In the previous chapter, we saw how randomization eliminates selection bias. Let's explain what we mean by randomization, describe several ways we might want to randomly assign treatments, and discuss the components *other than* the assignment that can be randomized.

Randomization refers to using "a known, well-understood probabilistic scheme" to assign treatments to units (Oehlert, 2010).

### Simple Random Assignment

With simple random assignment, every unit has the same probability of being assigned to a particular treatment group. The probability can be anything greater than zero and less than one. This will *approximately* determine the number of units in each group. For example, assuming a single treatment group and a single control group, if the probability is 0.75, about 75% will be assigned to the treatment group.

Let's imagine we have 10 units to which we assign a treatment with 0.5 probability. Will our groups be balanced? That is, will we have 5 units in the treatment group and 5 units in the control group?

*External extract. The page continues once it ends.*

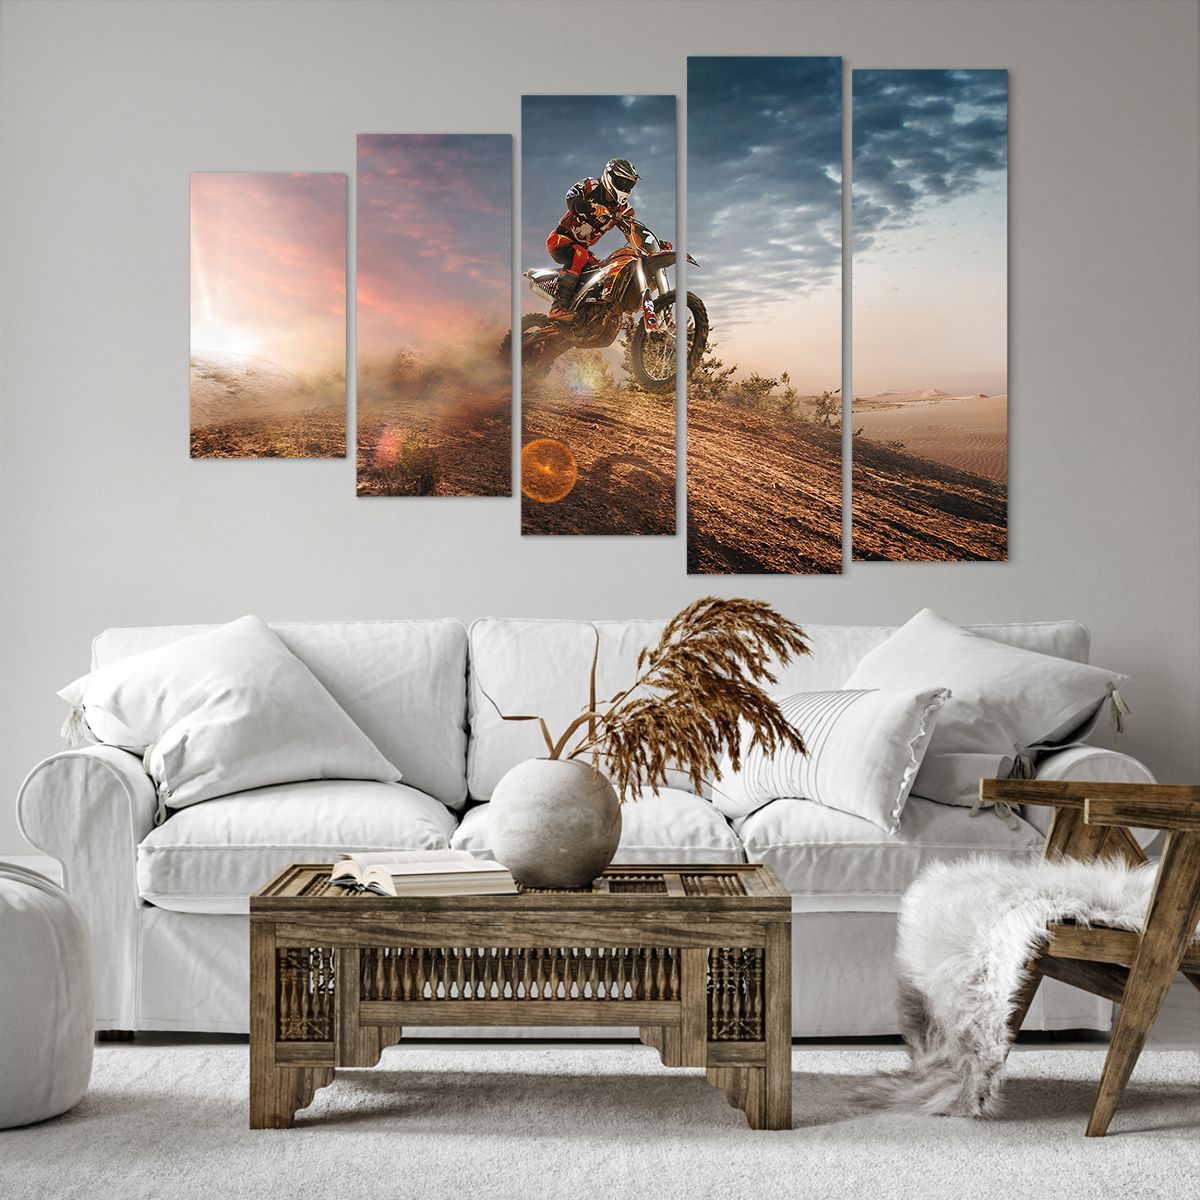 Bild auf Leinwand Sport, Bild auf Leinwand Moto-Cross, Bild auf Leinwand Motorradfahrer, Bild auf Leinwand Wettbewerb, Bild auf Leinwand Geschwindigkeit

Let's find out.

In [1]:
import numpy as np

n, p = 10, 0.5
np.random.binomial(n, p)

4

This counts the number of successes&mdash;think of "success" as being assigned to the treatment group&mdash;in 10 *independent* trials, where success occurs 50% of the time.

Each time you run the cell above, you'll get a different result&mdash;it's not always 5! This is a drawback of simple random assignment.

>[Y]ou could flip a coin to assign each of 10 [units] to the treatment condition, but there is only a 24.6% chance of ending up with exactly 5 [units] in treatment and 5 in control (Gerber and Green, 2012)

So that others may reproduce our assignments, we can use a random seed. This is highly recommended, though, in practice, we won't use `np.random.binomial()`. (Note: I'll always use `42` as the seed.)

In [2]:
np.random.seed(42)
np.random.binomial(n, p)

4